■ **Work to complete**: Please write out the whole listing that follows exactly; the pictures stay out.

■ **Provided data**:
- - - - -

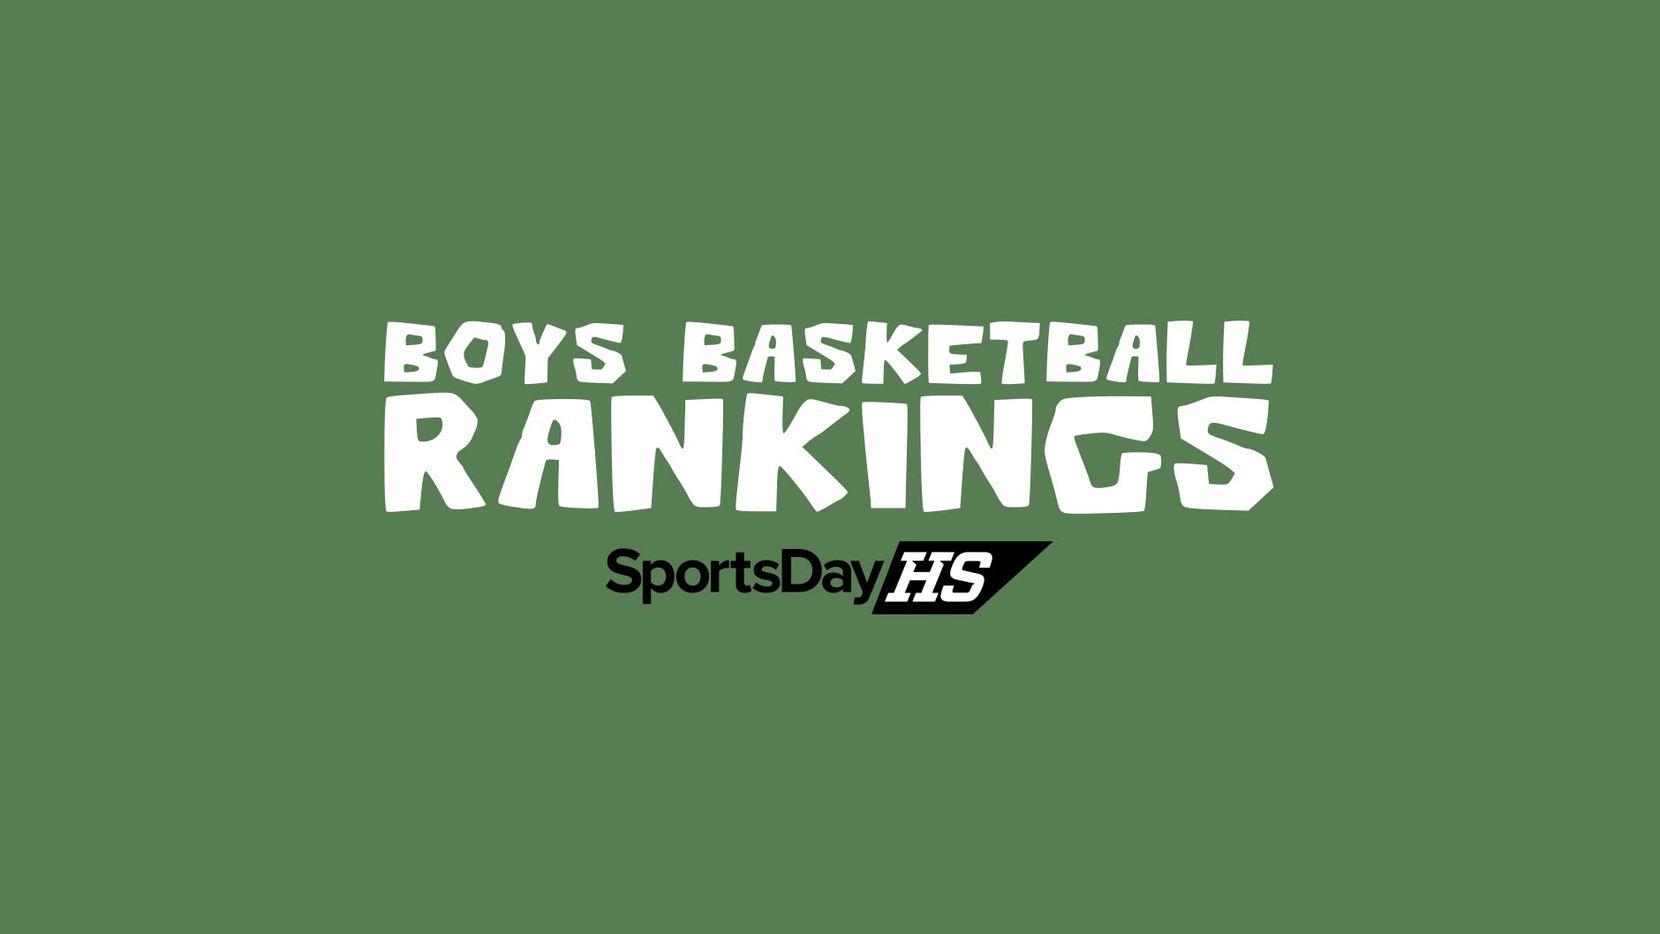 Boys basketball rankings.
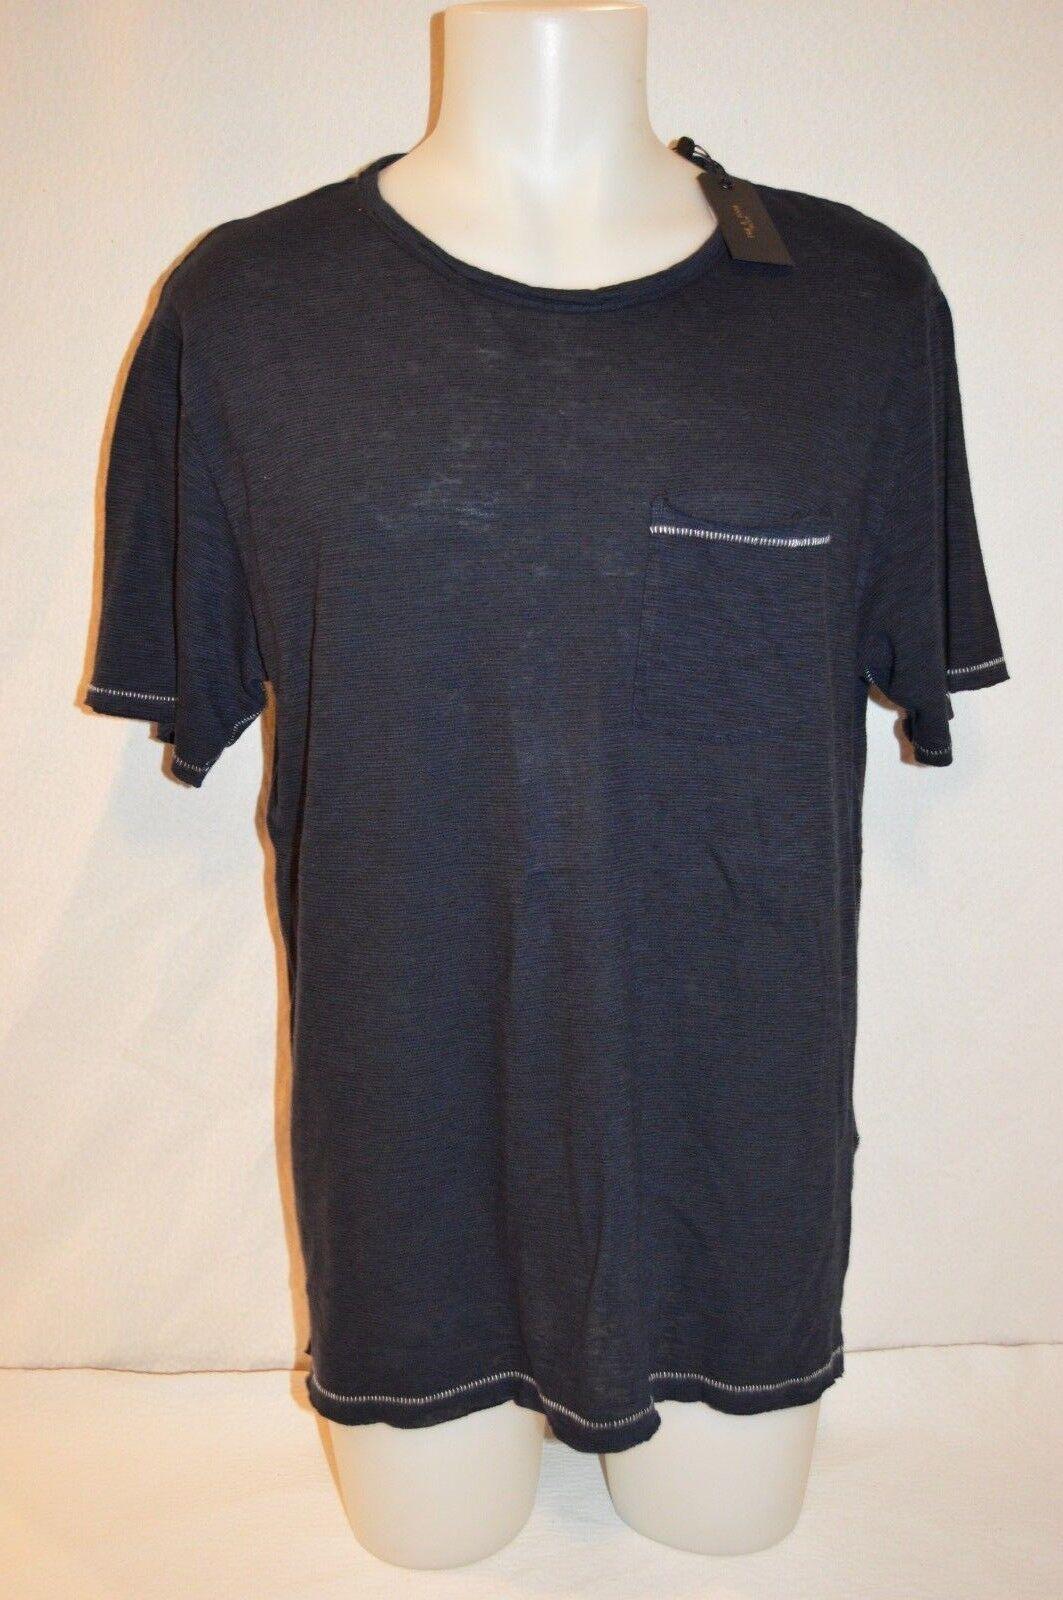 RAG & BONE Man's LINEN Crew Neck OWEN T-shirt  NEW  Größe X-Large Retail  135
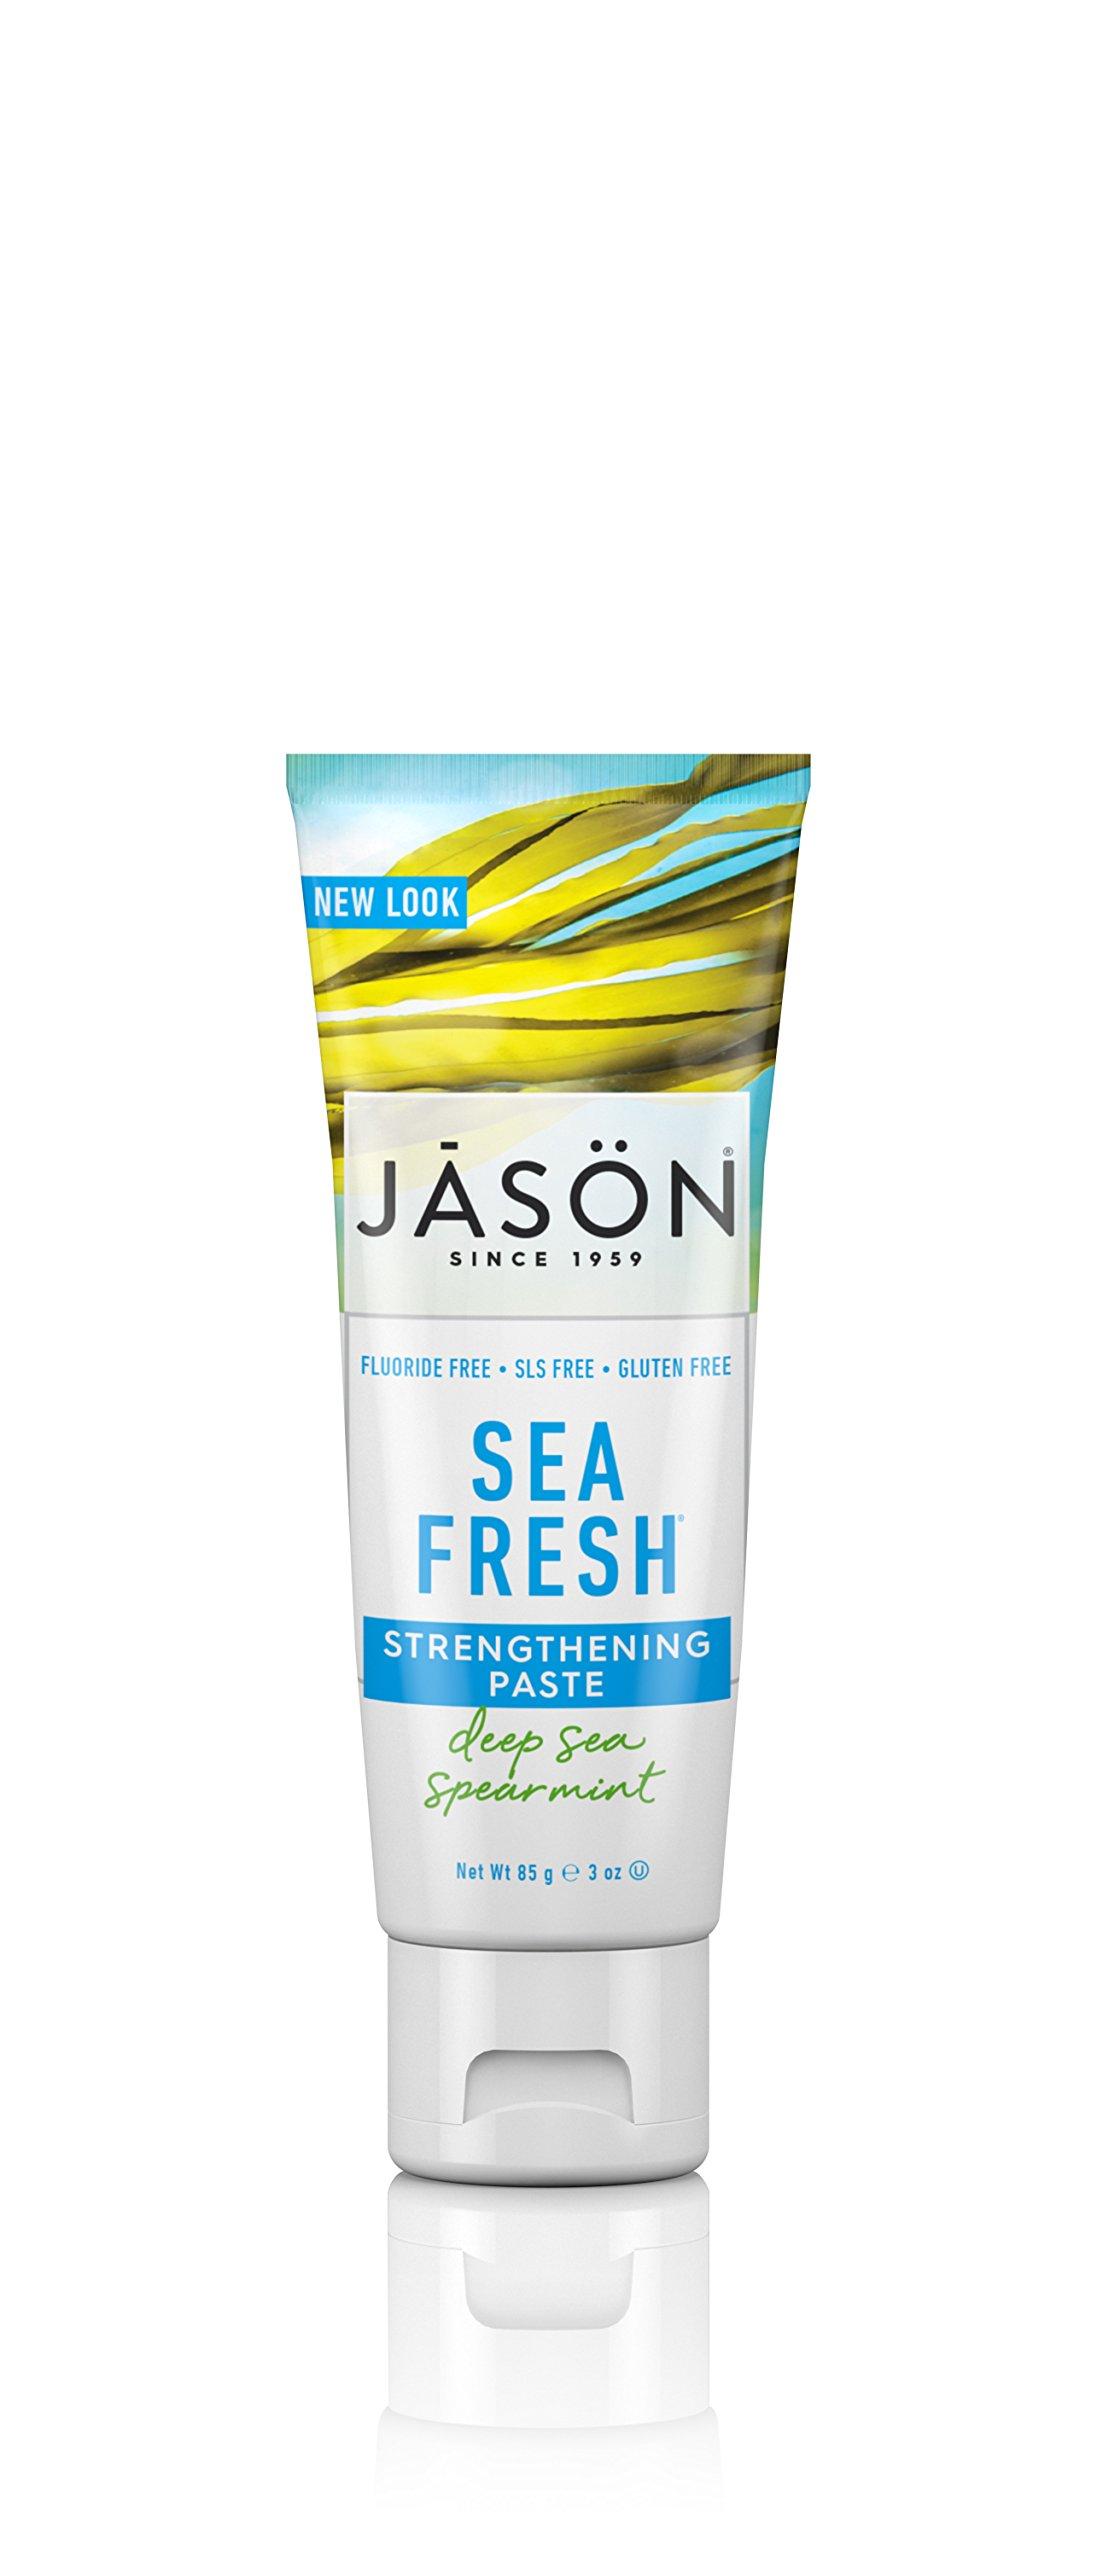 JASON Sea Fresh Strengthening Fluoride-Free Toothpaste $3.24

- - - - -

■ **Solution to this problem**:
 Boys basketball rankings.
 RAG & BONE Man's LINEN Crew Neck OWEN T-shirt  NEW  Größe X-Large Retail  135
 JASON Sea Fresh Strengthening Fluoride-Free Toothpaste $3.24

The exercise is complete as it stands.